Ini Bukan Gado-Gado (Tapi) ini Nano-Nano! (13 Desember 2003)
Pagi ini saya bangun jam jam 9 pagi, saya punya alasan untuk hal buruk ini, saya harap Anda tak perlu menirunya tapi maafkan saya. Ini hari Sabtu dan tidak ada kuliah. Kedua, semalam saya mengerjakan tugas review dan membuat artikel dari jurnal-jurnal asing untuk mata kuliah seminar psikologi sosial dan klinis, pasalnya saya akan mempresentasikannya minggu depan. Karena jurnal berbahasa Inggris, saya harus menerjemahkannya duluan. Pertama saya membutuhkan bantuan bapak Rekso (nama sebuah translate-tool) yang baik hati untuk menerjemahkannya. Kemudian hasilnya saya selaraskan lagi, cari padanan kata yang tepat sesuai konteks kalimat, otomatis yah tetap buka-buka kamus juga. Alhasil tak terasa sudah jam 3 pagi. Otot-otot leher saya sudah menegang, tandanya saya harus istirahat. Maka tidurlah saya hingga terbangun jam 9 tadi.

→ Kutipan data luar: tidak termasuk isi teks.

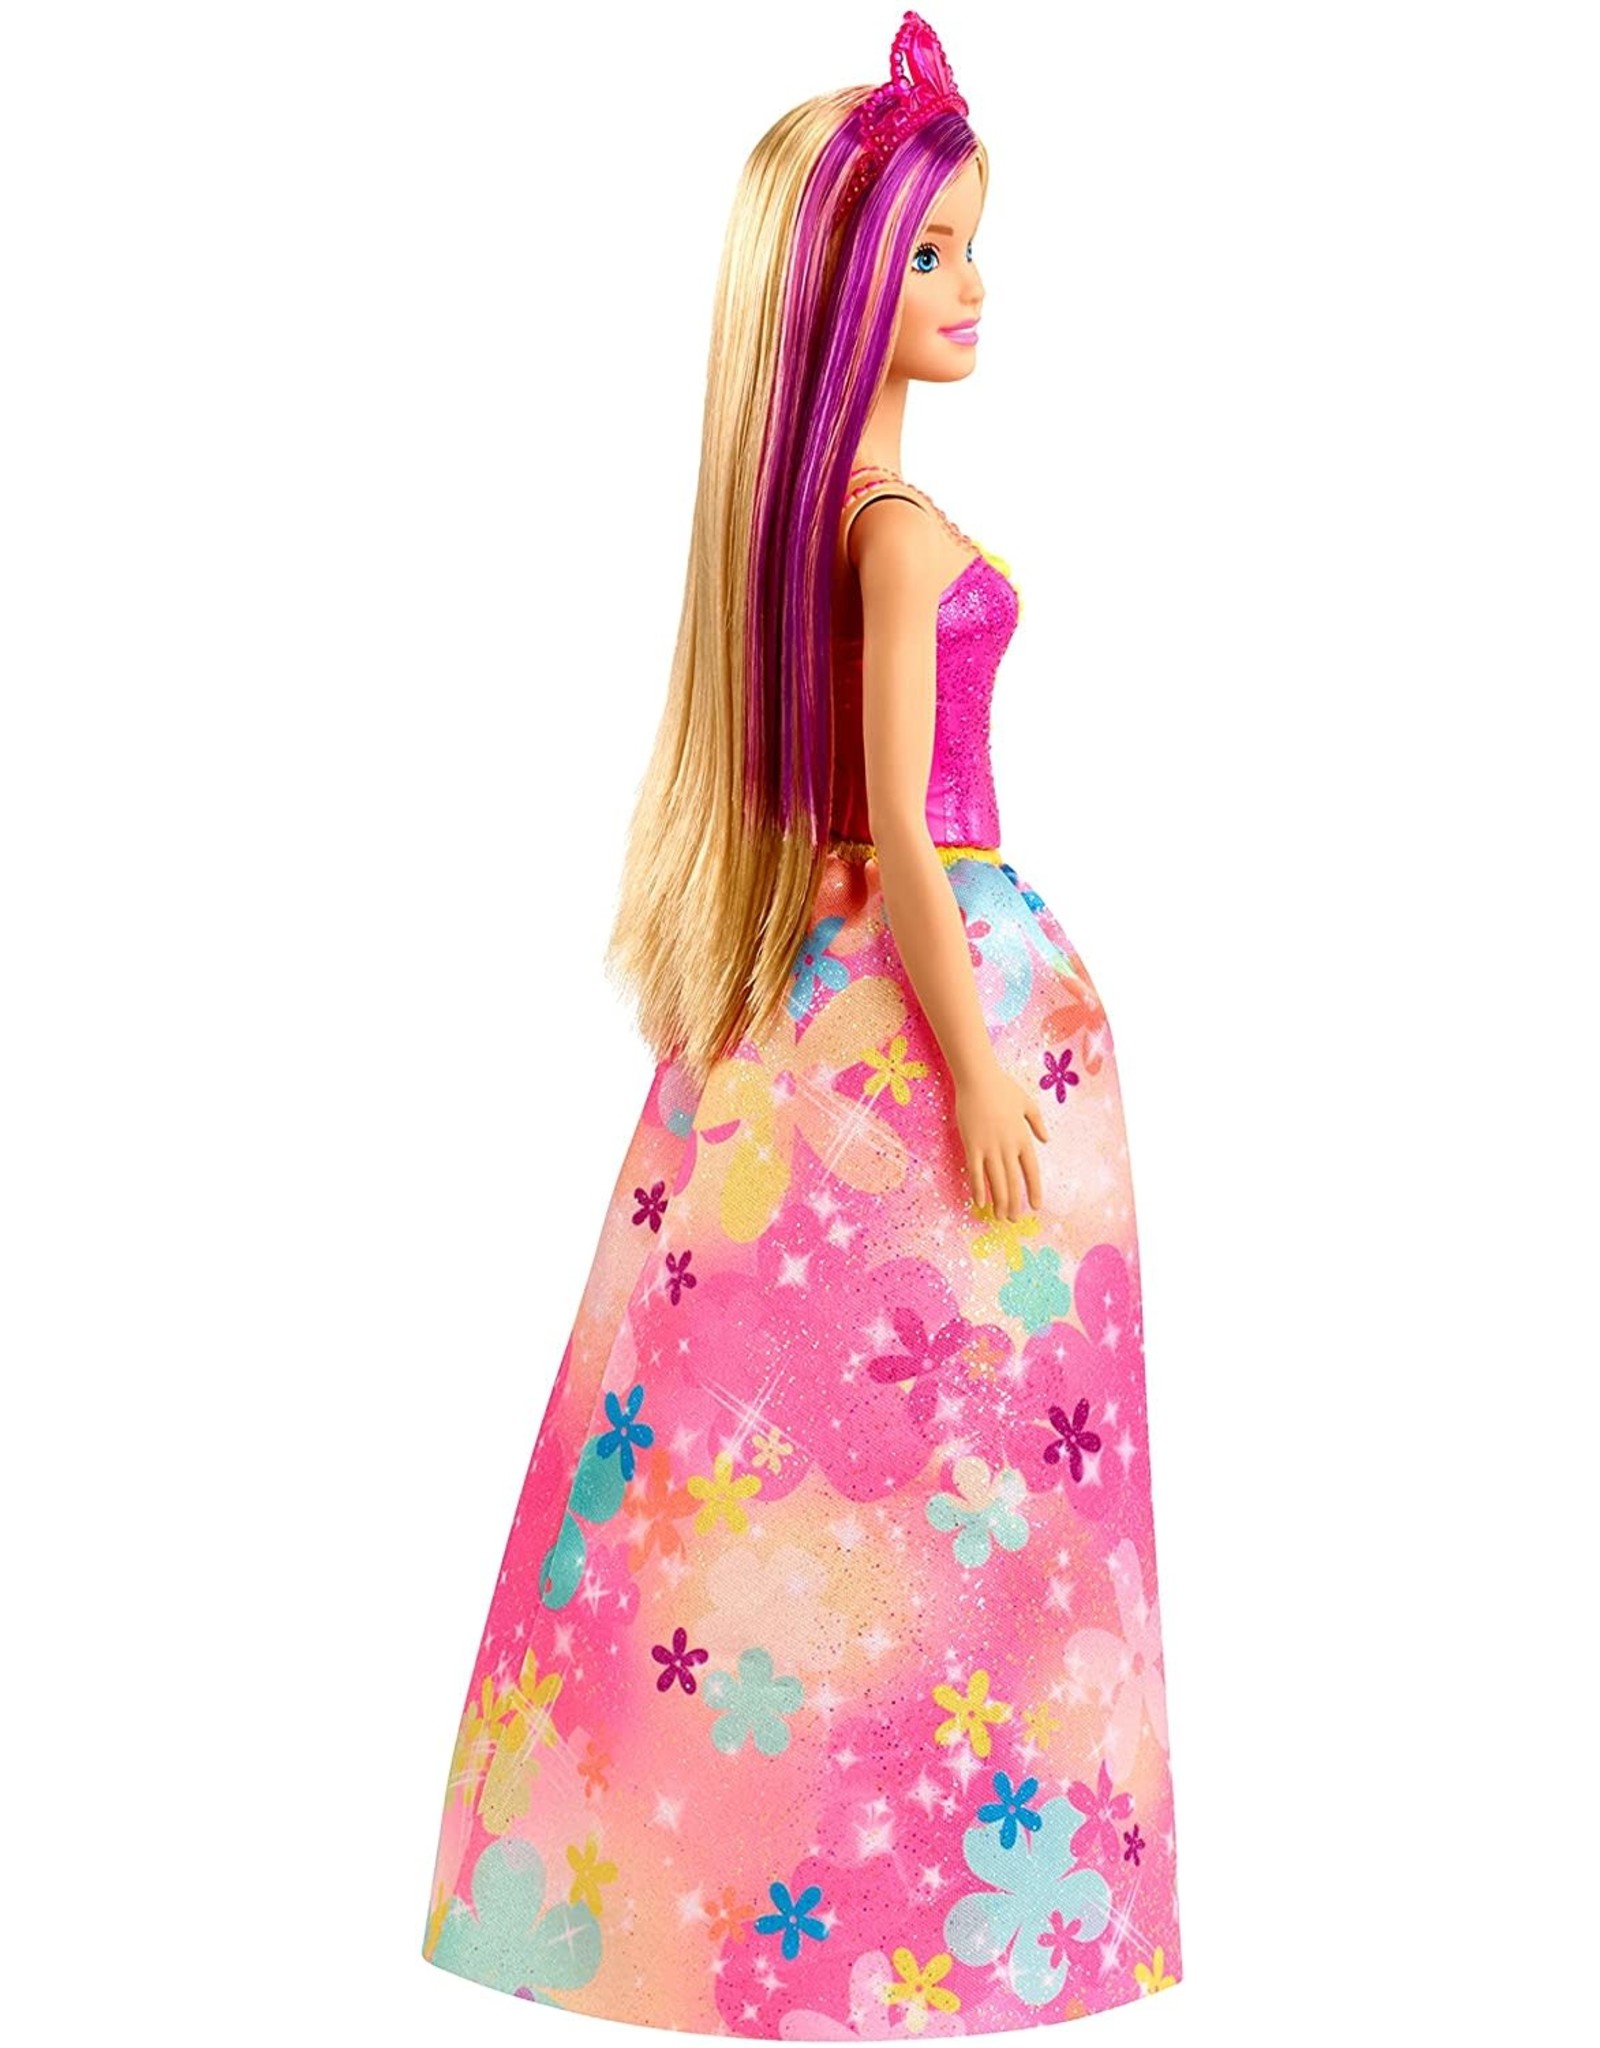 Mattel Barbie Dreamtopia Princess Blonde

Di luar cuaca cerah. Saya berinisiatif untuk merealisasikan proyek tertunda saya, cuci pakaian kotor. Jogja selalu hujan belakangan ini, dan pagi ini matahari adalah berkah buat saya, paling tidak pakaian saya tidak terkena efek bau apek karena kurang sengatan matahari. Selesai mencuci, perut keroncongan. Ah, di dompet tak ada uang lagi. Maka saya kemudian beranjak ke ATM yang kebetulan dekat kost. Di jalan Bumijo Lor seperti biasa pukul 11 siang adalah waktu termacetnya. Jelas bahwa letak TK-SD Tarakanita ada di wilayah itu. Anda tentu tahu jaringan persekolahan Tarakanita yang terkenal itu, kalangan mana yang bersekolah disitu yang jelas akan berkorelasi (menurut saya sih) dengan puluhan kendaraan pribadi roda empat yang bergerak bak semut, makanya jalan Bumijo Lor yang lebarnya kurang lebih 5 meteran itu terasa macet dan ramai setiap harinya terutama jam masuk dan jam pulang sekolah. Belum lagi badan jalan yang dipakai untuk parkiran.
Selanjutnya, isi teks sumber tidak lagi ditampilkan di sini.